Similarly, ransomware that targets healthcare organizations directly jeopardizes patient safety by restricting access to electronic health records and diagnostic tools, resulting in delayed treatments, ambulance diversions, and a measurable, material risk of higher mortality rates. Ransomware has even forced hospitals to permanently close.
Ransomware is an organization-wide threat. The high costs of remediating ransomware are as concerning for boards of directors as they are for CISOs and the security teams who report to them. To help our Workspace customers defend against ransomware attacks, we’ve developed a proprietary AI model that looks for signals that a file has been maliciously modified by ransomware — and stops it before it can spread.
These new capabilities enable smart detection of file corruption that is characteristic of a ransomware attack. It automatically halts activity to prevent file corruption from reaching cloud-stored assets, and allow for simple recovery and restoration of affected files stored on Google Drive, regardless of file format.
AI-powered ransomware detection in Drive for desktop can help secure essential government, education, and business operations, and also upend the ransomware business model by disrupting attacks in progress and offering rapid file recovery. Importantly, these capabilities have been integrated into the user experience and designed intuitively so that non-technical users can take full advantage. We are rolling this out now at no extra cost for most Google Workspace commercial plans.
How it works
Trained on millions of ransomware samples, this new layer of defense can identify the core signature of a ransomware attack — an attempt to encrypt or corrupt files en masse — and rapidly stop file syncing to the cloud before the ransomware can spread and encrypt the data. It also allows users to easily restore files with a few clicks.

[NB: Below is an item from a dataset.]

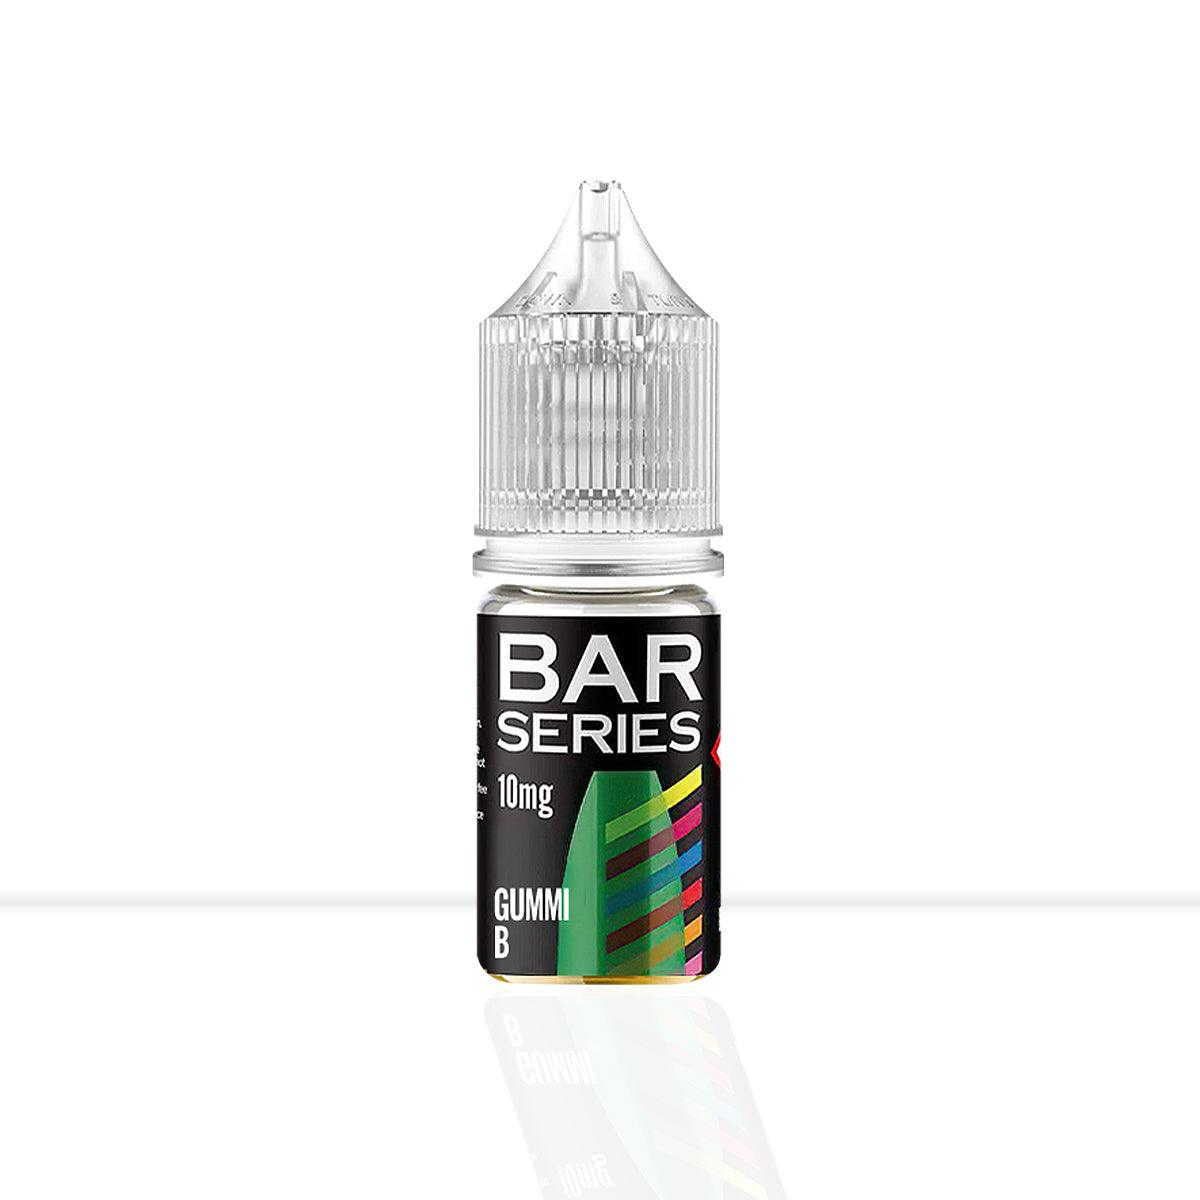 Gummy B Nic Salt E-Liquid Bar Series - E Liquid

The AI uses a proprietary, deep learning model that continuously looks for signs of maliciously modified files. Its detection engine can identify ransomware by analyzing patterns of file changes as they sync from desktop to Google Drive. The detection uses intelligence from Google’s battle-tested, malware-detection ecosystem, including VirusTotal.
Built-in malware defenses, also available in Gmail and Google Chrome, can help prevent ransomware from spreading to other devices and taking over entire networks. We believe that these layers of defense can help organizations in industries such as healthcare, retail, education, manufacturing, and government from being disrupted by ransomware attacks.
Restoring corrupted files
A key capability of this defense empowers customers to restore their files, unlike traditional solutions that require complex re-imaging or costly third-party tools. The Google Drive interface allows users to restore multiple files to a previous, healthy state with just a few clicks.
This rapid recovery capability can help to minimize user interruption and data loss, even when using Microsoft Windows, Office, and other traditional software.
Additional ransomware defenses
As AI augments and even reinvents protection against ransomware in some very powerful ways, it’s clear that organizations should do more to adopt the secure by design mentality.
There’s no single tool that can defeat all ransomware attacks, so we recommend organizations emphasize a layered, defense in depth approach. Organizations should incorporate automation and awareness strategies such as strong password policies, mandatory multi-factor authentication, regular reviews of user access and cloud storage bucket security, leaked credential monitoring on the dark web, and account lockout mechanisms.
One way to get started is to identify user groups, including sales and marketing teams, that can transition to more ransomware-resilient endpoints. Moving to devices that run ChromeOS, iOS, and Android could meaningfully reduce security risks — for example, Chromebooks are inherently more resilient against ransomware and malware in general.
For legacy Windows applications that can’t run on the web, we recommend Cameyo as a solution that allows users to continue using Windows apps in a more secure environment, such as ChromeOS.